The working group itself will not test or benchmark QE systems directly. Instead, it aims to develop evaluation guidance and testing “recipes” that enterprises, Language Solutions Integrators (LSIs), and researchers can apply when assessing QE systems on their own data and workflows.
The effort aims to create a structured evaluation approach similar in spirit to the Multidimensional Quality Metrics (MQM) framework, the widely used framework for assessing translation quality.
The initiative also aims to provide greater clarity for decision-makers and help localization professionals in conversations with internal stakeholders about QE adoption and evaluation.
The working group operates under the auspices of AMTA and is explicitly user-led. Membership is limited to QE users and researchers, and employees of companies that sell QE systems are excluded in order to maintain neutrality.
The group has been meeting since December 2025 and currently includes around 20 members from translation buyers, LSIs, and research organizations, according to working group coordinator Evelyn Yang Garland.
“All members are QE users or researchers and have pledged to be neutral and fair to all QE systems,” Garland told Slator. “QE vendors are not eligible for membership, but we plan to release our work products publicly later this year and welcome everyone’s feedback at that time,” she added.
Garland also said that the working group would welcome additional participants in the coming months, particularly translation buyers and LSIs interested in applying the framework to their own data and real-world projects.
“QE vendors are not eligible for membership, but we plan to release our work products publicly later this year and welcome everyone’s feedback at that time.” — Evelyn Yang Garland
The initiative runs from December 2025 through June 2026, with the group planning to present its results at the AMTA Conference in Québec City from August 31 to September 2, 2026. The outputs — including methodology recommendations and testing guidance — will be owned by AMTA and released under an open Creative Commons Attribution (CC BY 4.0) license, allowing others to reuse and build upon the work as long as proper attribution is given.

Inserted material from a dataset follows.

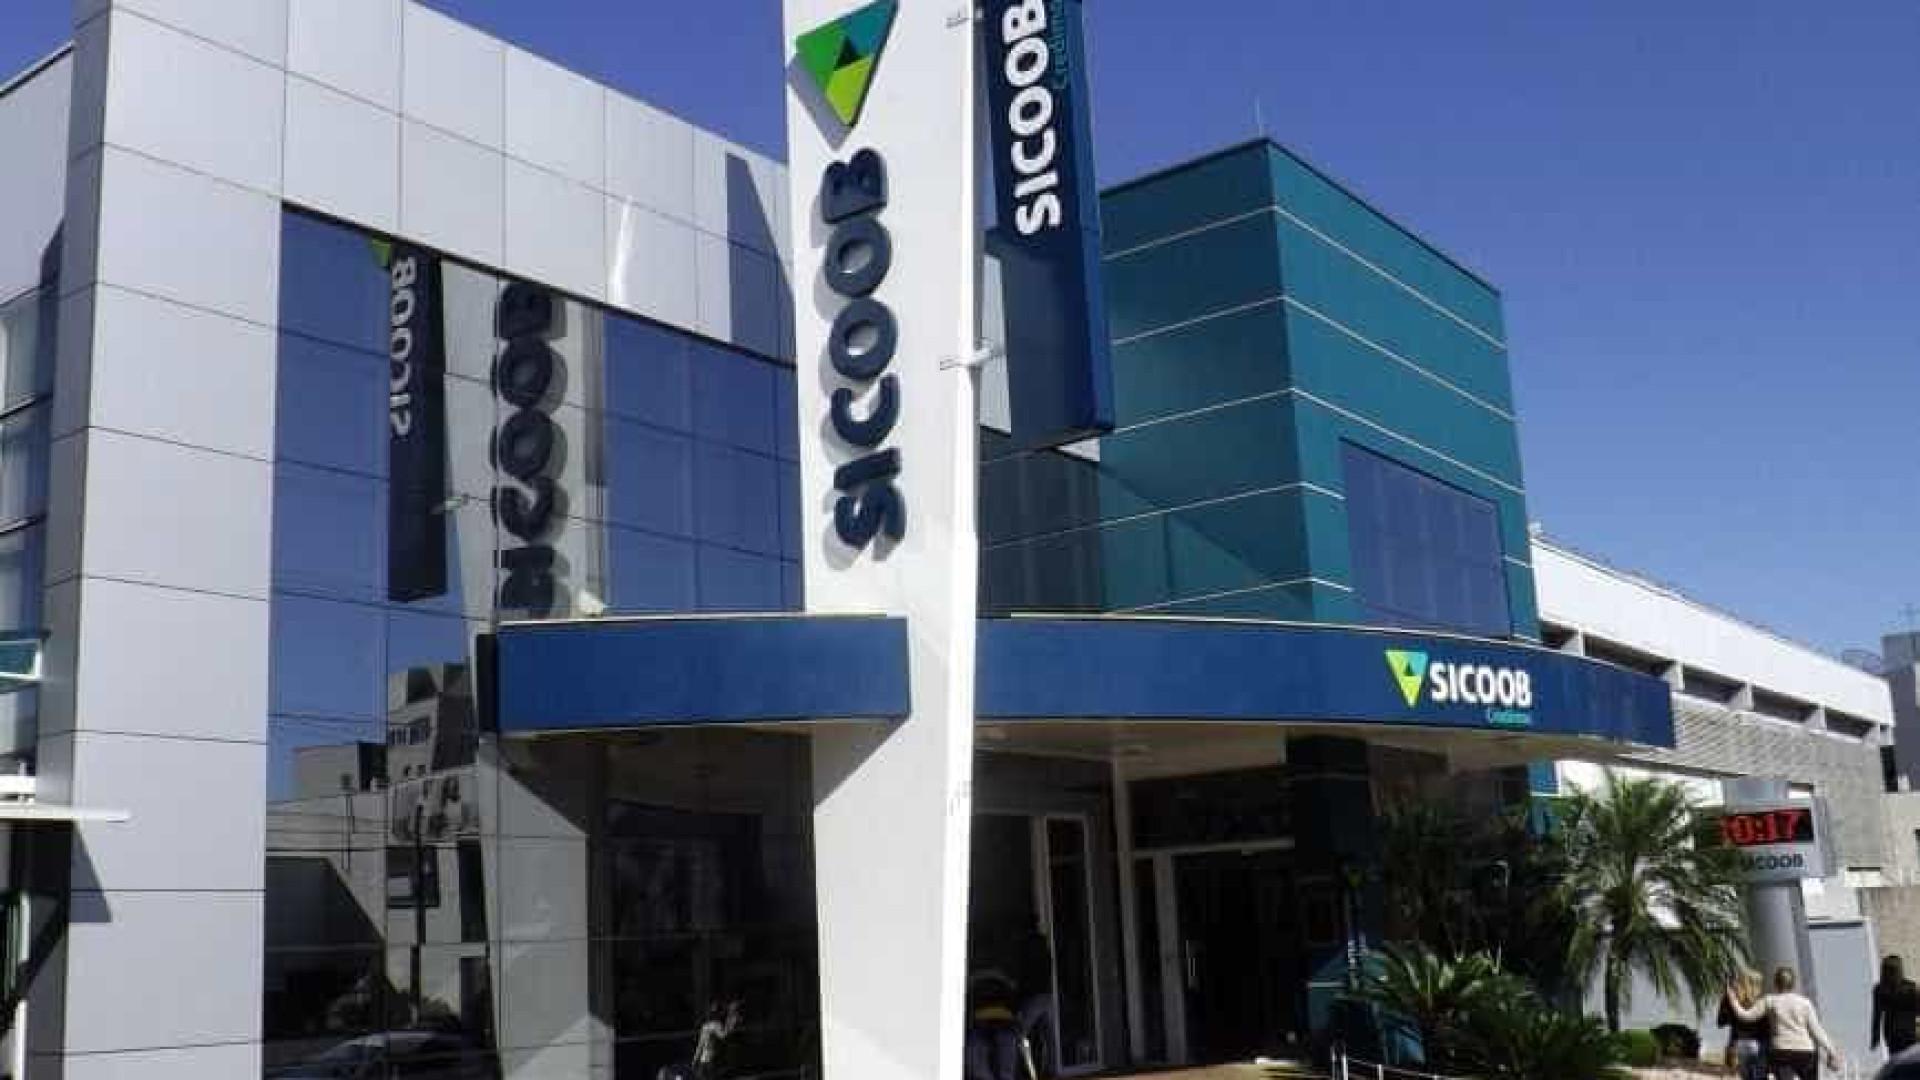 Cooperativas alcançam bancos tradicionais em número de agências

“Assessing the quality of a translation, whether produced manually or automatically, has always been complex, challenging, and prone to subjectivity,” said Jay Marciano, President of AMTA, in a statement shared with Slator.
“With the advent of automatic quality assessment technologies, we […] now need unbiased methods for evaluating the success of those tools. And that is the aim of this working group,” he added.
The launch comes at a time when evaluation methods themselves are evolving, with growing research into LLM- and agent-based approaches to quality assessment.
“Assessing the quality of a translation, whether produced manually or automatically, has always been complex, challenging, and prone to subjectivity.” — Jay Marciano, President, AMTA
As automated evaluation becomes more sophisticated and QE systems become more embedded in enterprise AI translation workflows, the absence of standardized evaluation methods for these systems has become more visible.
The AMTA initiative could help bring greater transparency and comparability to a growing segment of the language AI stack.